Yes, I'm mean. But you really, really need to sell the boat.
|
|
KaraBoo
Senior Member
Joined: Dec 21, 2010 17:14:51 GMT -5
Posts: 3,076
|
Post by KaraBoo on Jul 14, 2013 14:31:00 GMT -5
We've still got a ways to go for retirement - he's in his early 40's and I'm 38. I don't know what's in DH's retirement accounts, but mine currently has over $100k in it. I think we're on track retirement wise at the moment.
The CC debt has snowballed, I know we had some when we got the boat, but I can't remember how much at the time. I can't honestly answer that question without some major detective work at the moment. I'll see what I can figure out.
I am thinking that what needs to happen for anything to actually happen is us filing for BK. I haven't pushed that just yet because the "come to Jesus" talk with DH just happened within the last couple of weeks. We've had a couple of talks so far, but nothing concrete has happened so far except that a couple of bills haven't been paid to get us to a starting point of our "new normal".

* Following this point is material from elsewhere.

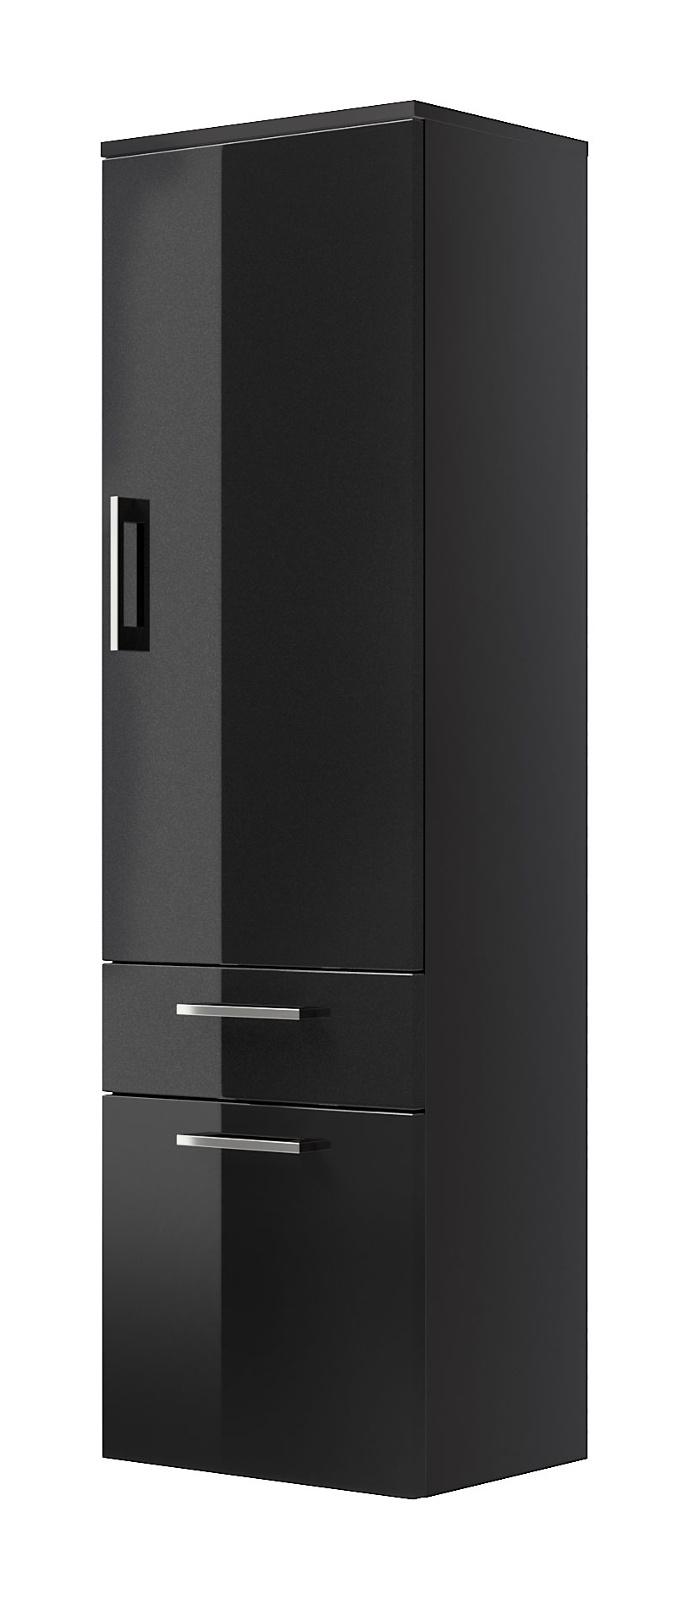 wohnzimmerschrank modern:Wohnzimmerschrank modern : modern Pandaras2 Designermöbel moderne
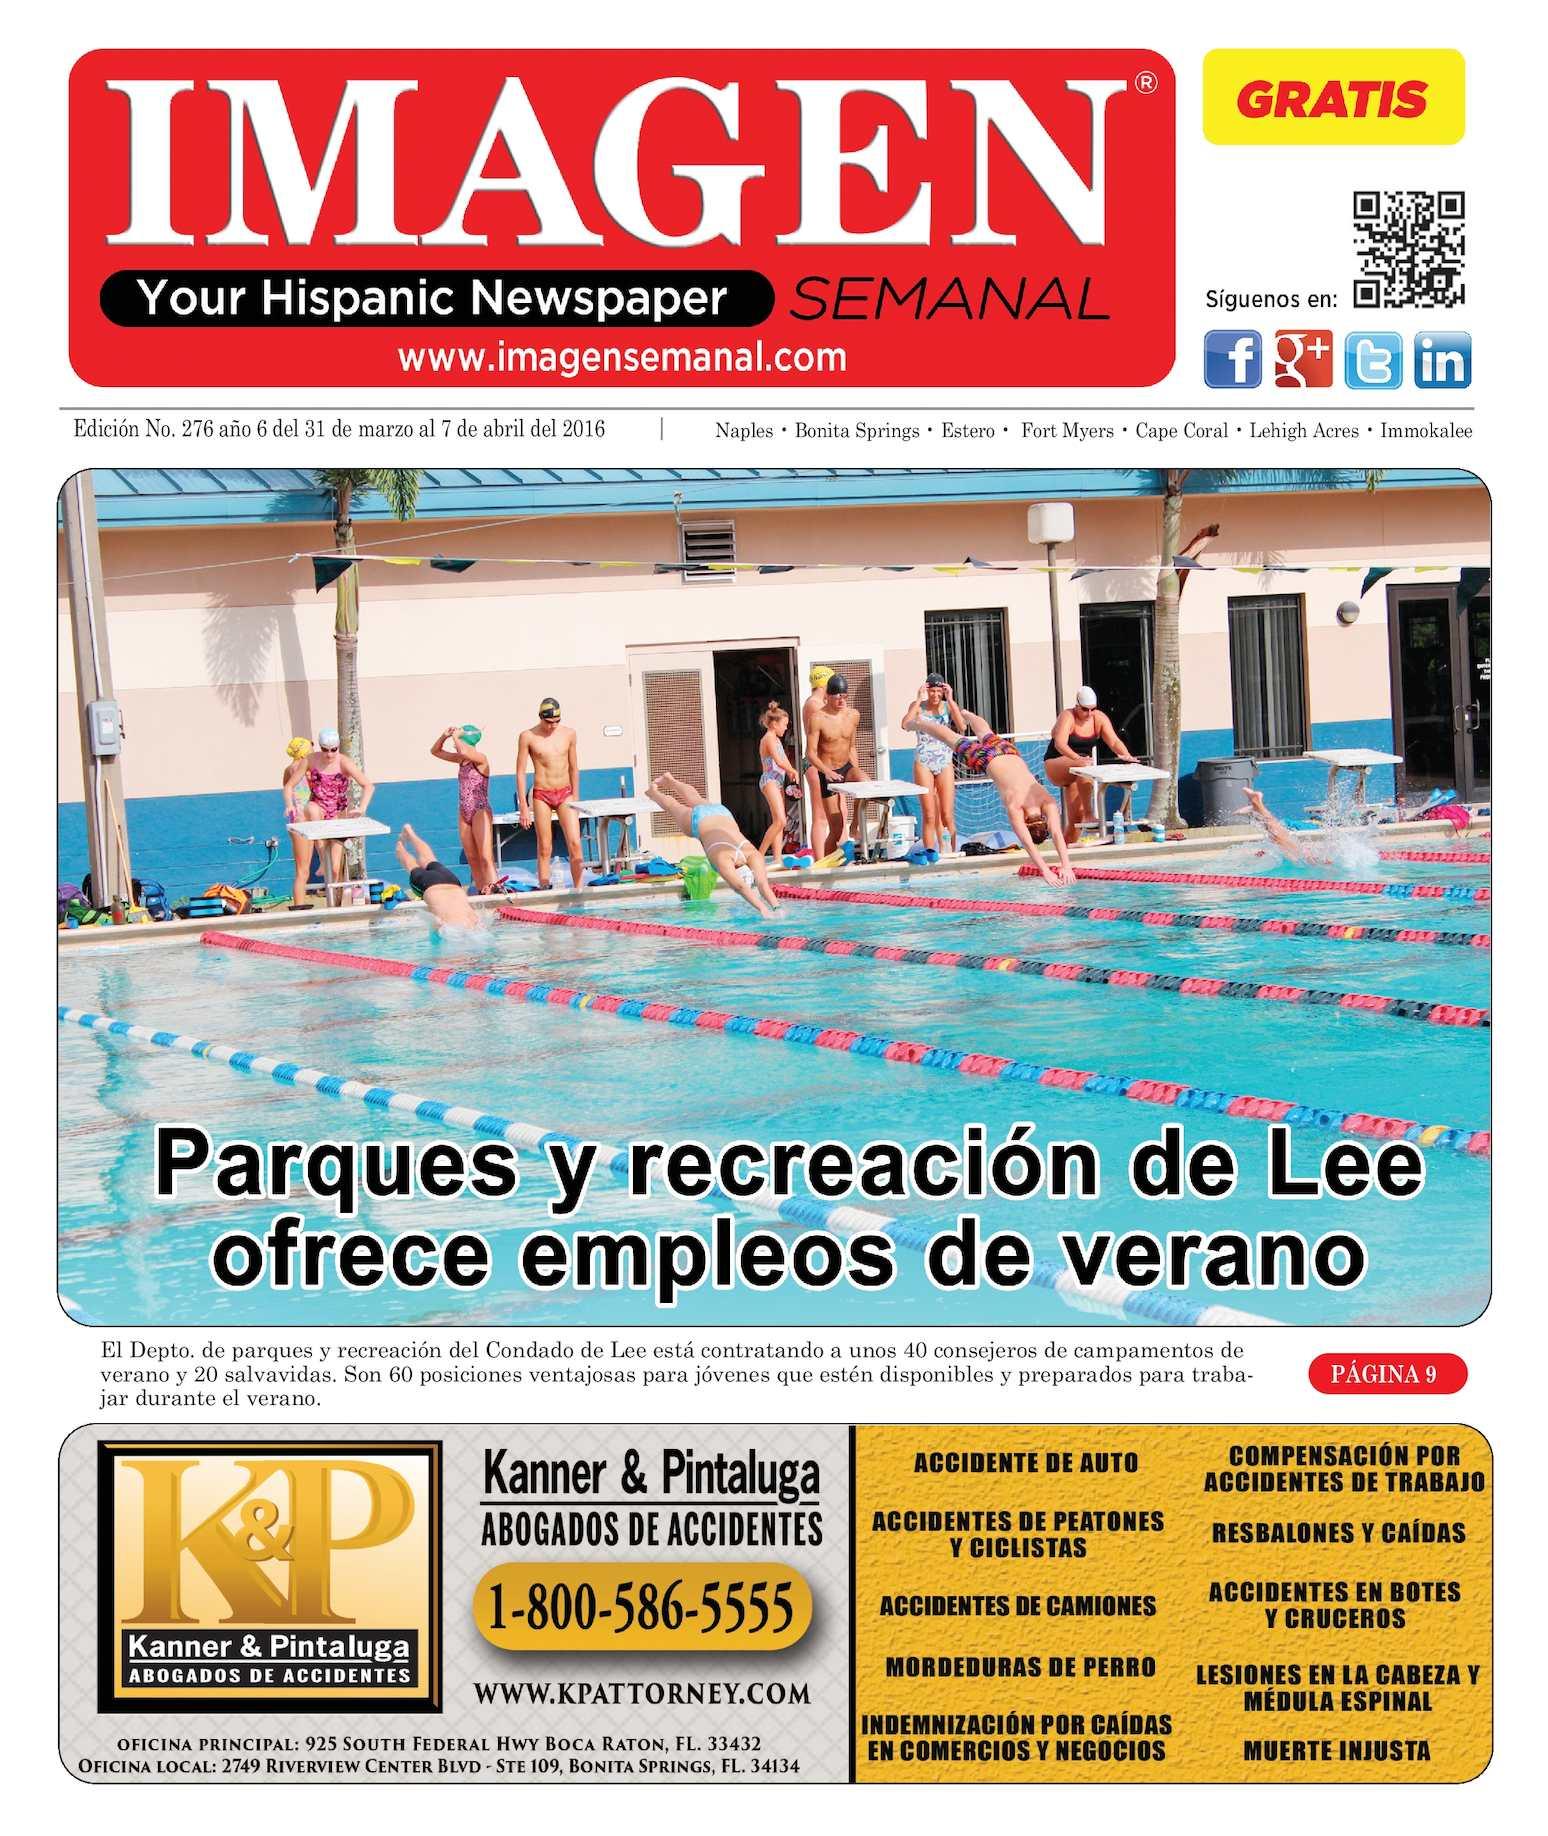 Calaméo - Imagen Newspaper Edicion # 276

I'm thinking that the BK talk will happen within the next three months as more and more bills actually aren't paid as there is no more money in savings and no more places to "rob Peter to pay Paul" left.
|
|
NancysSummerSip
Community Leader
Joined: Dec 19, 2010 19:19:42 GMT -5
Posts: 36,692
Today's Mood: Full of piss and vinegar
Favorite Drink: Anything with ice
|
Post by NancysSummerSip on Jul 14, 2013 14:31:06 GMT -5
Sell. The. Boat. It is jeopardizing the wellbeing of the entire family. What man, what father, what husband puts his selfish wants ahead of his family and "pouts" about doing the right thing? Seriously, pouts? He gets to keep the boat, even though that means you cannot afford clothes for your kids? Without the boat, there will be less stress and probably less need for "therapy." So what if he has to sacrifice his toy. It's a toy, not a life-support device. It is ruining you. When you're back on your feet, he can buy another toy. For now, you cannot afford it. Yes, I'm mean. But you really, really need to sell the boat. Well said. We were in the process of re-flooring four rooms in our house when we realized our roof had to be replaced NOW. The money was there for both projects, but emptying our emergency fund to do them was not something we could live with. Two rooms can wait; the roof over our heads cannot. Adults in a family unit make decisions based on the good of the family unit, not based on what they want only for themselves. That's part of the grown-up life. Crap happens, you get through it (and pay for it) and get new toys later. DH can go fishing on another friend's boat, or find a rent-a-boat. Your food, your kids' well-being, your shelter, cannot wait.